What follows is a listing; repeat exactly, and only, its lines from the one holding "Czerny - Exercices pour pianistes débutants" through the last, leaving any pictures out.

• DATA BLOCK:
+++

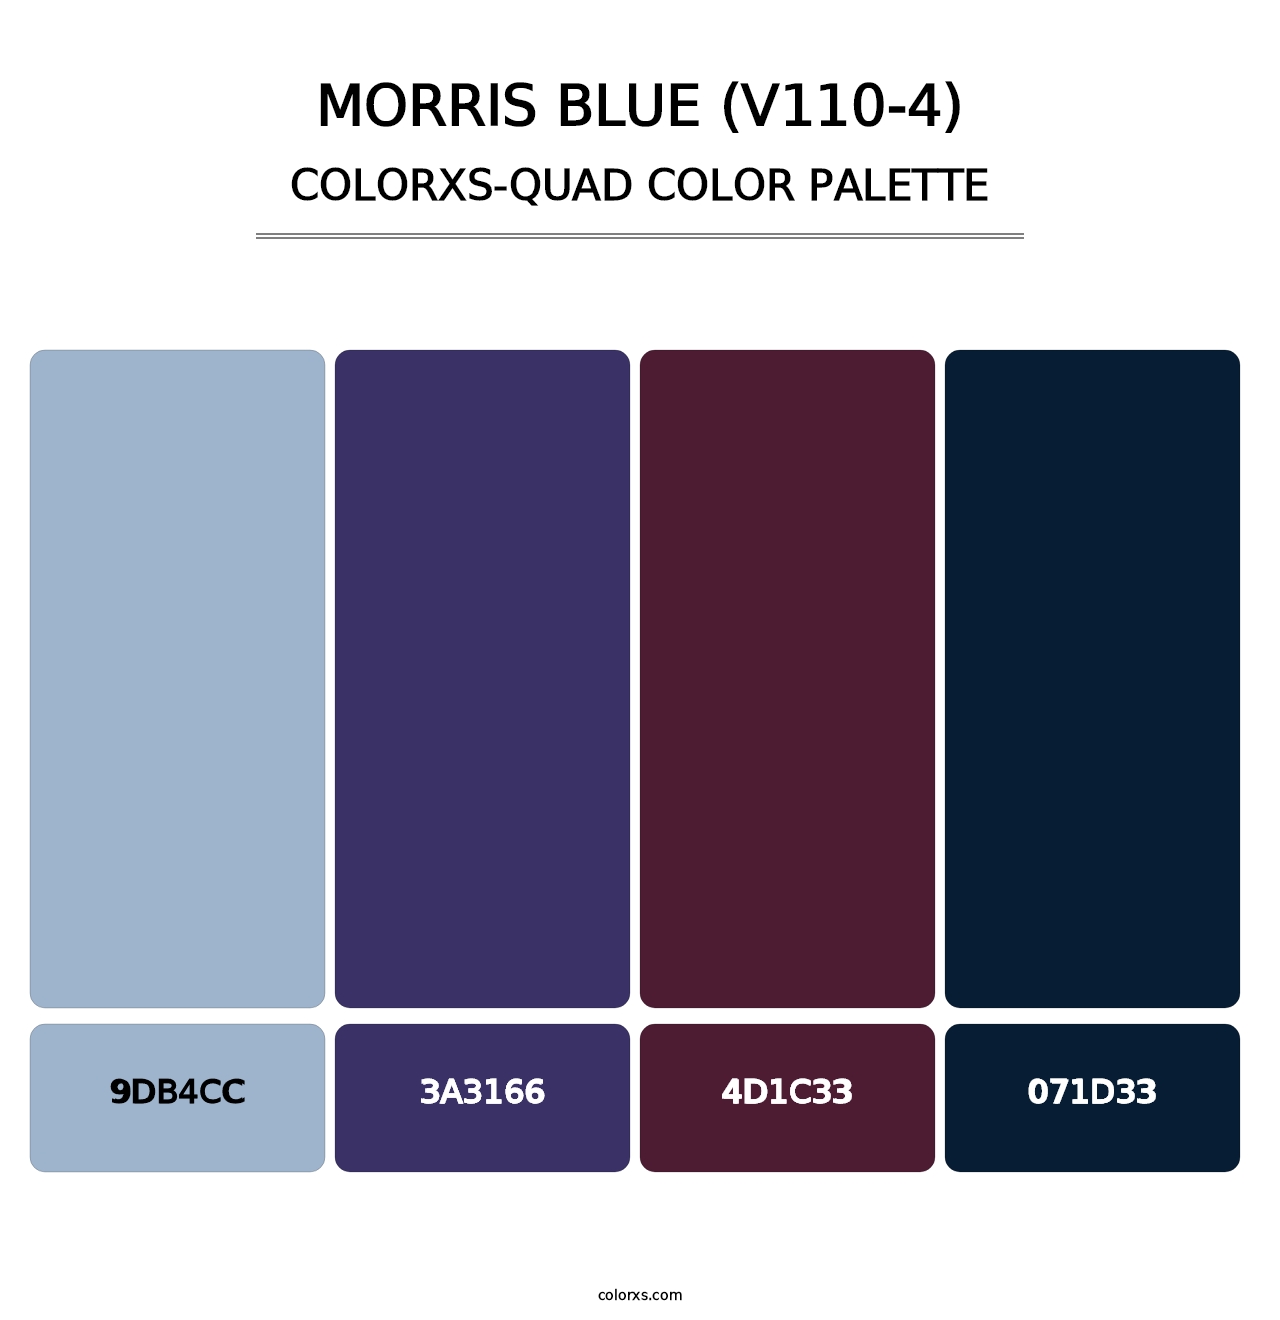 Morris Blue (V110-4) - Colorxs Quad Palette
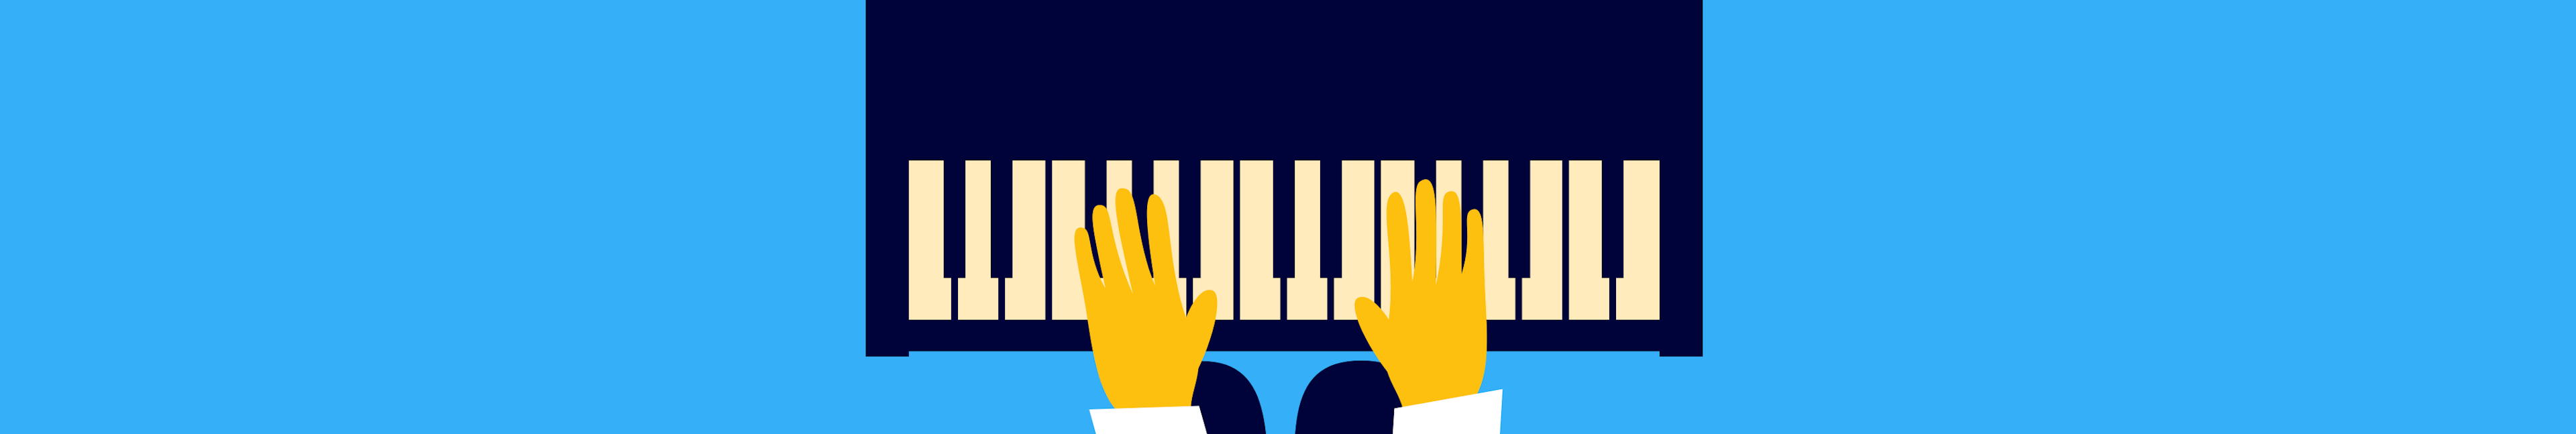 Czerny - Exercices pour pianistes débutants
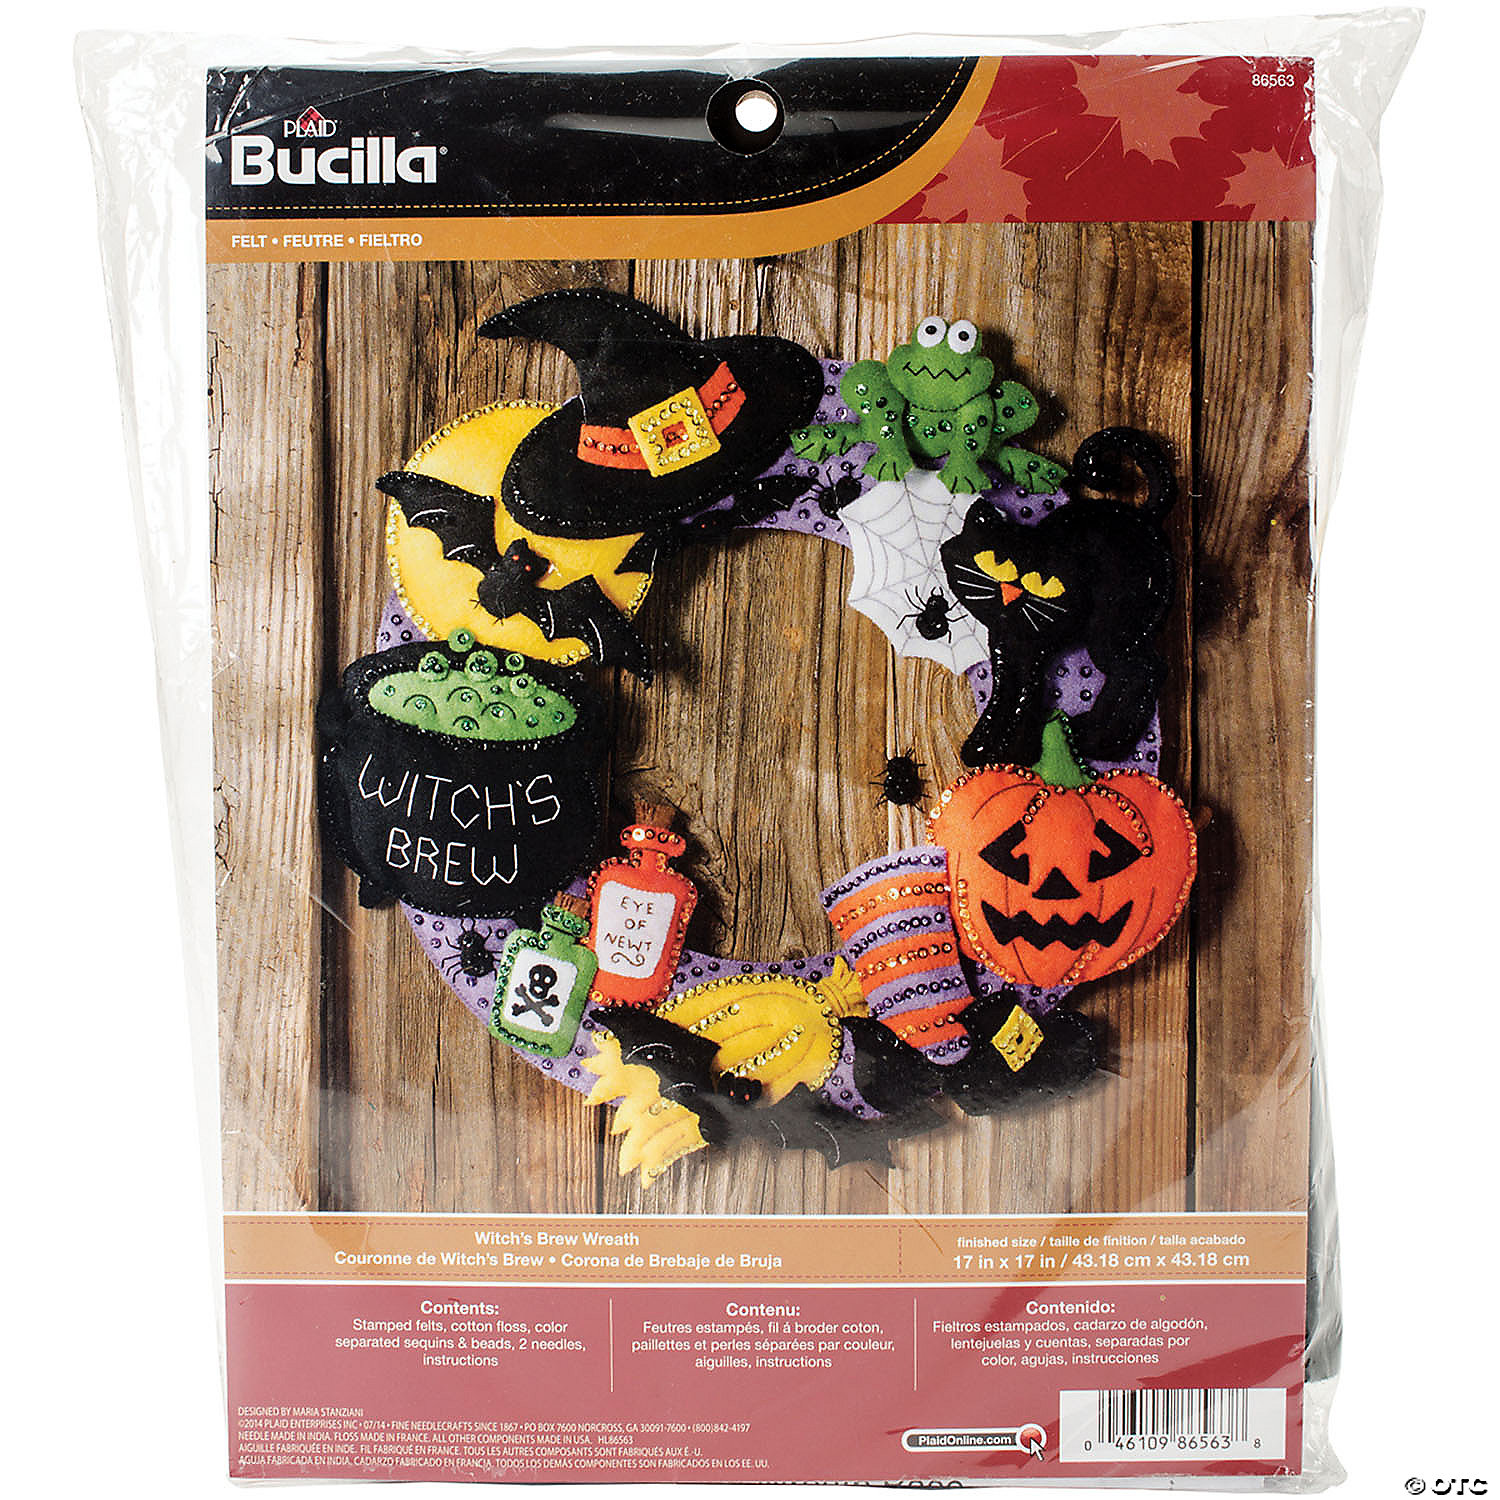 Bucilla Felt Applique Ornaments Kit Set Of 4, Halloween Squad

+++

• EXPECTED ANSWER:
 Czerny - Exercices pour pianistes débutants
 Bucilla Felt Applique Ornaments Kit Set Of 4, Halloween Squad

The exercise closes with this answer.